The Jebel el Arak knife15 is a remarkable survival because, apart from the documentary significance of its decoration, it is itself an outstanding example of two great ancient technologies. The handle of the dagger is beautifully carved in ivory with an assurance and mastery which requires its maker to have been an artist of high achievement and secure tradition. The figures are carved naturalistically, set into their ground with sensitivity and with no suggestion of the ‘primitive’. The blade, on the other hand, is the culmination of the old Stone Age technique of stone flaking, here brought to a degree of precision and elegance which is quite exceptional. The result is exquisite, a ‘ripple-flaked’ blade of a translucent fineness as far removed from the rough hand-axes of Palaeolithic times from whose tradition it descends, as is the Saqqara complex of King Netjerykhet from the mud-walled hut of the prehistoric chief to whom the knife may have been an object of justifiable pride.
On one face of the dagger’s handle is represented a tall and majestic figure, his head turbaned like a Sumerian, wearing a long flowing robe of a type which is familiar from Elam; no Egyptian of the time, as far as we know, would have been seen alive or dead in such a costume. He has been identified16 as a very early manifestation of the god Anhur, the patron of the city of This, whose rulers ultimately took the crowns. Whoever he is, the protagonist, with a curiously complacent expression on his face, grasps a lion in either hand as he stands on a rock, often the site of appearance of Mesopotamian divinities, as we know from many similar representations on seals and stone carvings. Two dogs, of a massive, distinctly un-Egyptian breed, gaze at him fondly as he subdues the two great felines. The turbaned, robed, and bearded figure is also known from Sumerian contexts of the earliest periods — late fourth, early third millennia — in three-dimensional form. Another Egyptian example is a partially preserved figure wearing a long Asiatic type of robe recorded on the ‘Two Gazelle’ palette, where he appears to be leading forward a bound captive.17 If the identification with Anhur is correct the knife-hilt may be considered as recording an incident in the rise of This to ultimate supremacy in the Valley.

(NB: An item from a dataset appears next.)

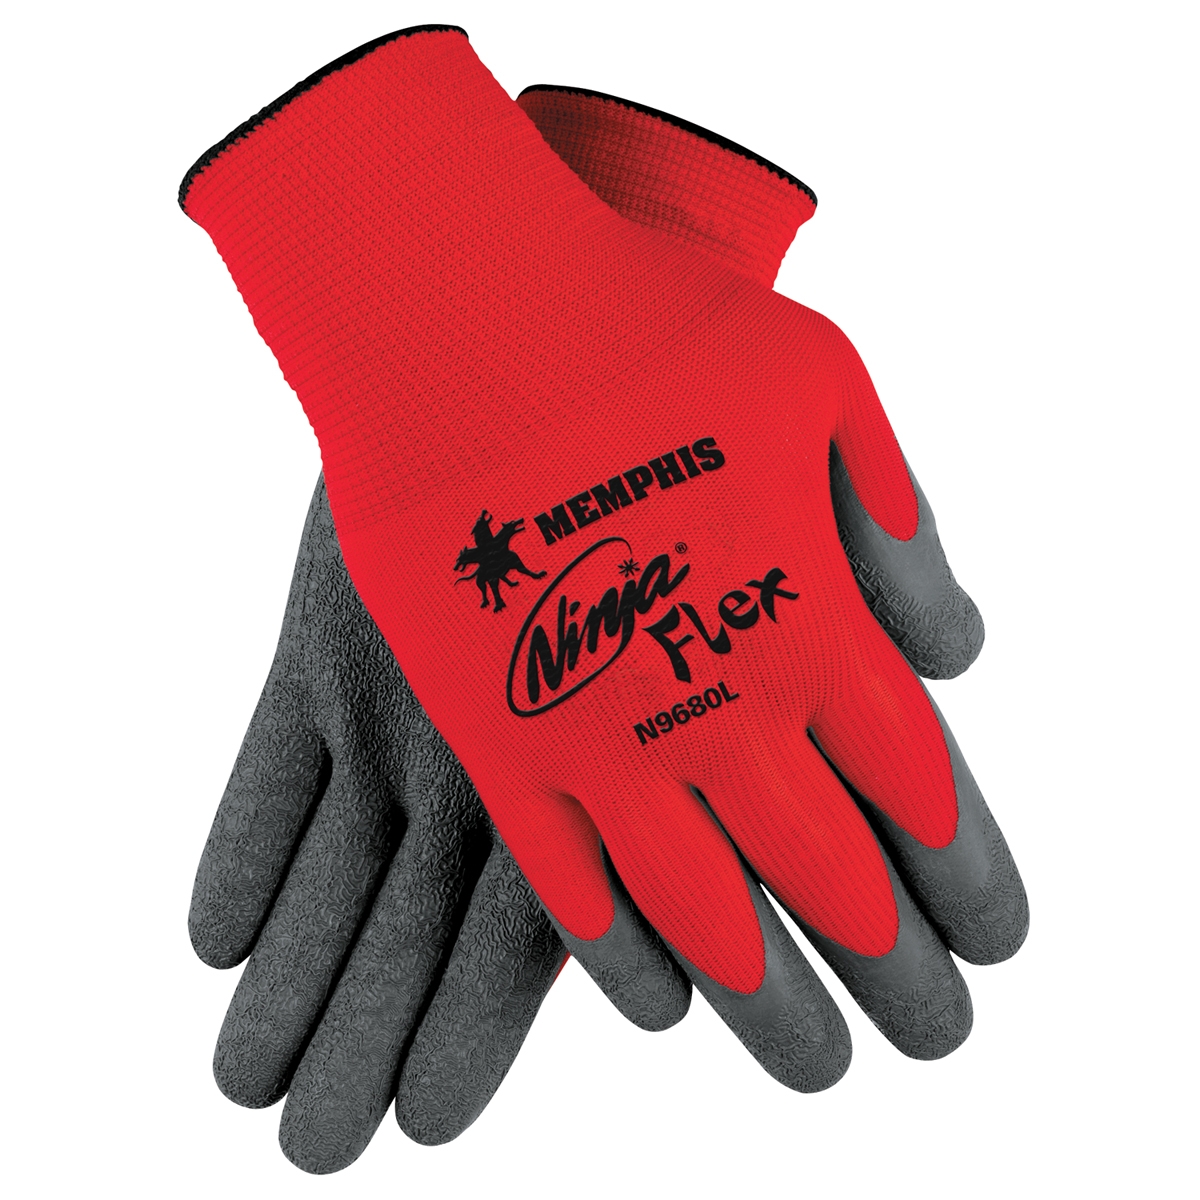 latex coated work gloves
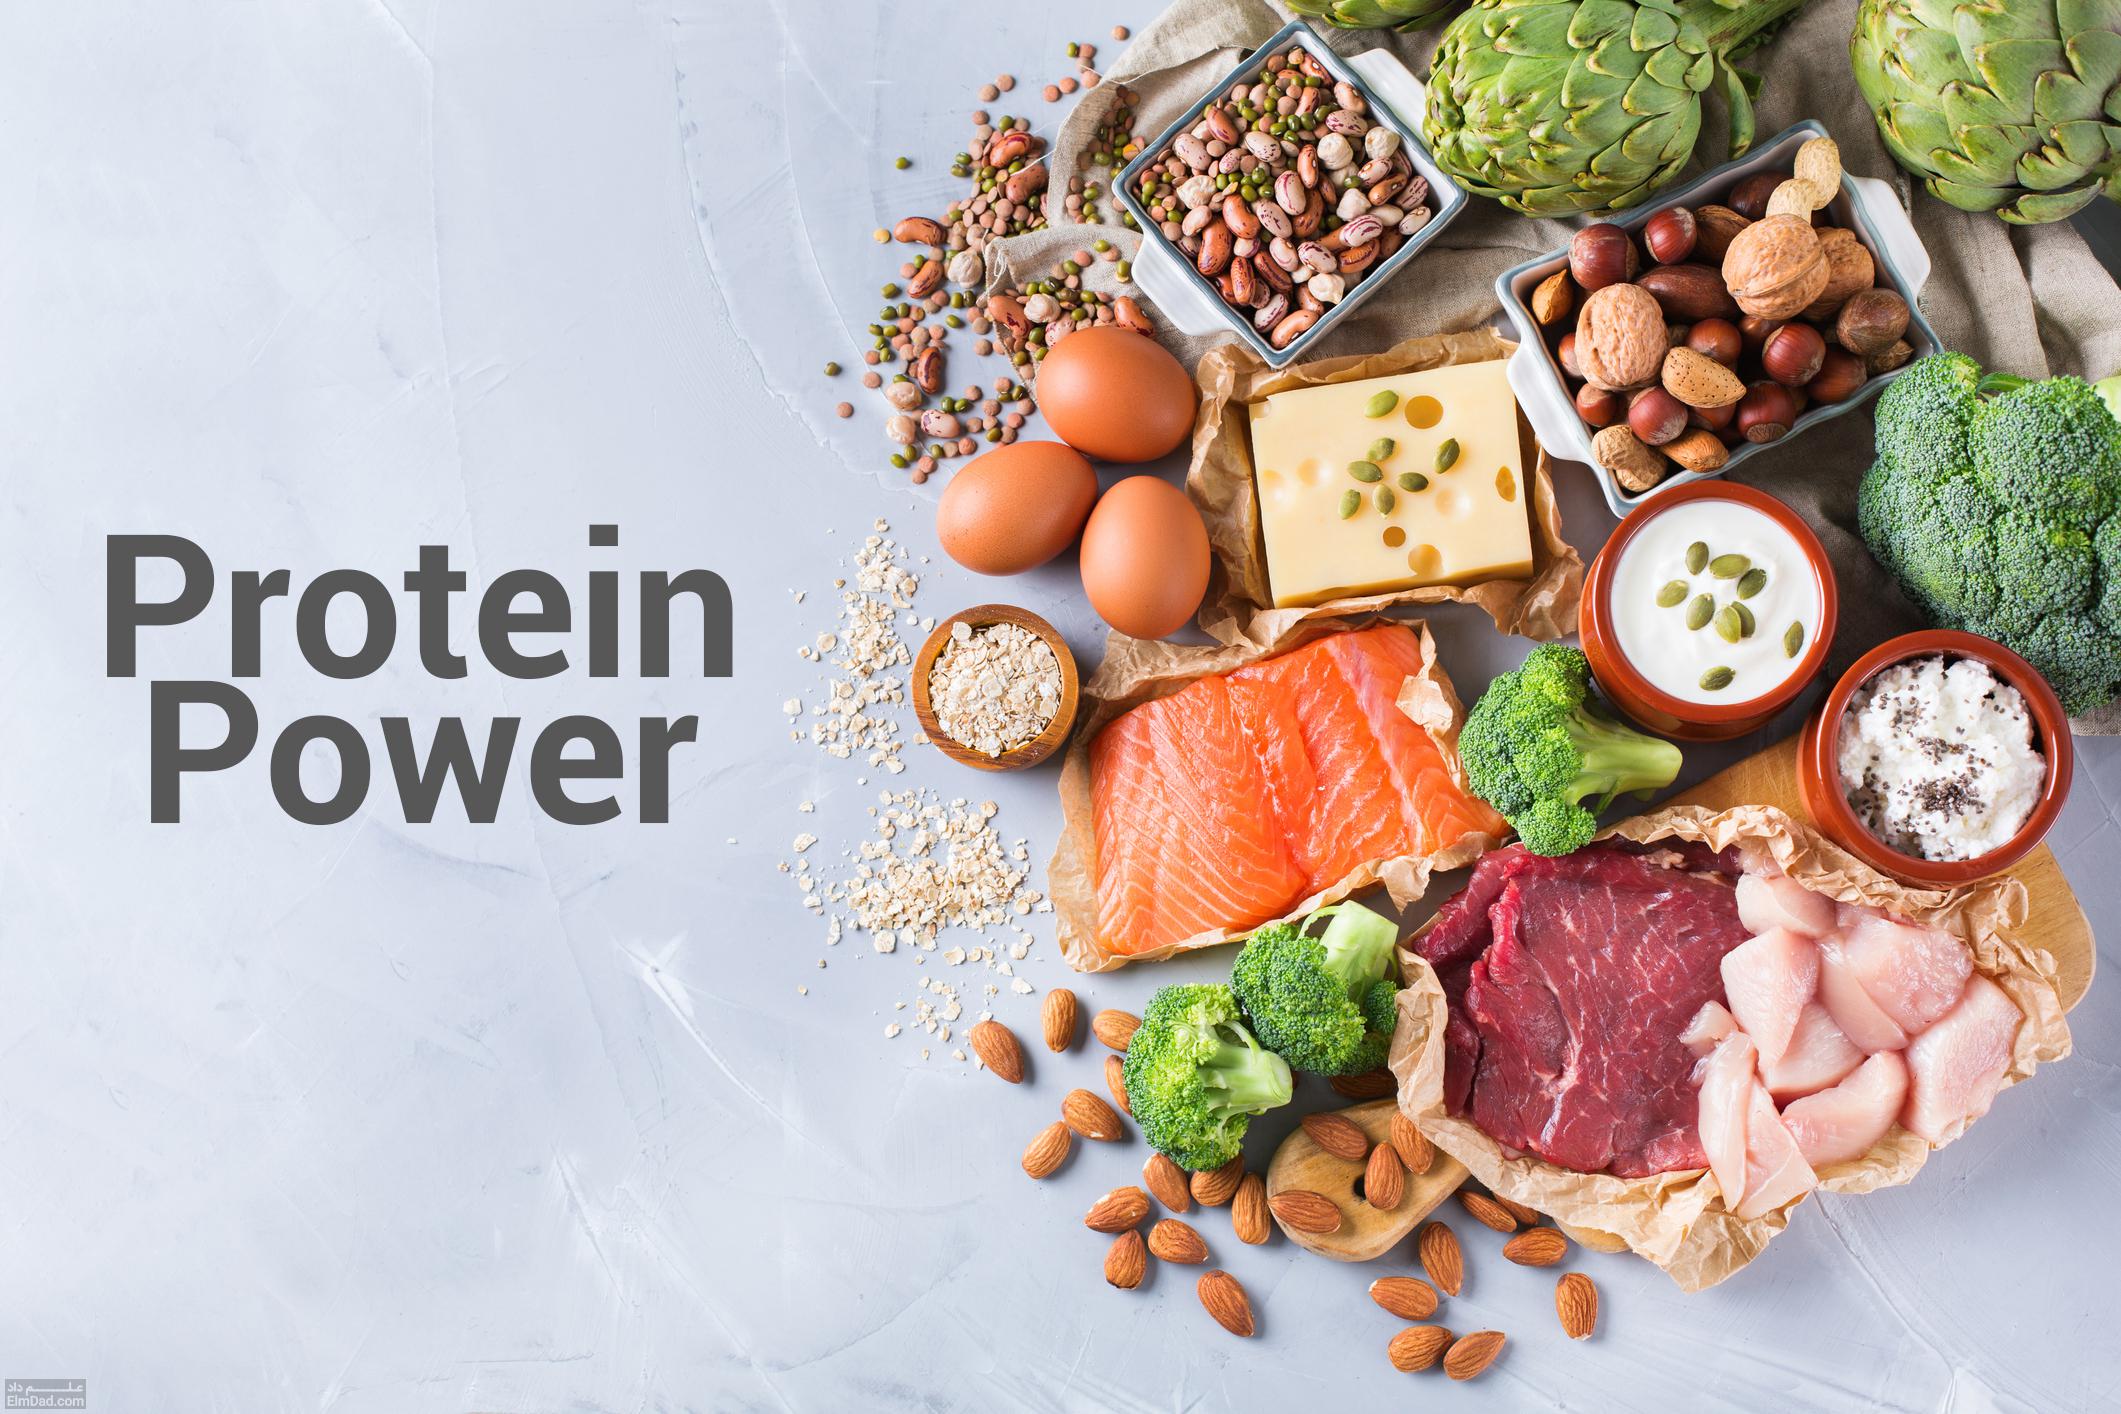 منابع شرشار از پروتئین

The lions have attracted considerable interest since the discovery of the knife at the end of nineteenth century, for they are clearly a pair of the massive, powerfully built and heavily-maned Asiatic lions, quite different from the African lion which was once native to Egypt. Their presence on the knife’s hilt has suggested to some that it is the work of a craftsman to whom the Asiatic lion was more familiar than the African and that therefore the knife’s design must be considered another of the many borrowings from Asiatic or Mesopotamian iconography and that it commemorates incidents which attended the ultimate seizure of power over the Valley by the princes of This, epitomized by a Thinite divinity and a pair of lions which were distinctly alien to the fauna of the Nile Valley. With the ships of ‘Mesopotamian’ type which are also illustrated on the hilt, the knife’s iconography is strongly suggestive of something more than a merely incidental Mesopotamian borrowing.
On the other side of the handle of the Jebel el Arak knife a scene of exceptional historical interest is depicted, for it seems to show the people of the Nile Valley in battle with seaborne opponents whose high-prowed ships, some bearing standards which look like the crescent of Sin-Nanna the Sumerian moon god, suggest that they may have come from Mesopotamia. Naked but for penis sheaths the contenders are locked together in a battle, real or symbolic, which must in either event have seemed important enough for the Egyptians to record it as they did.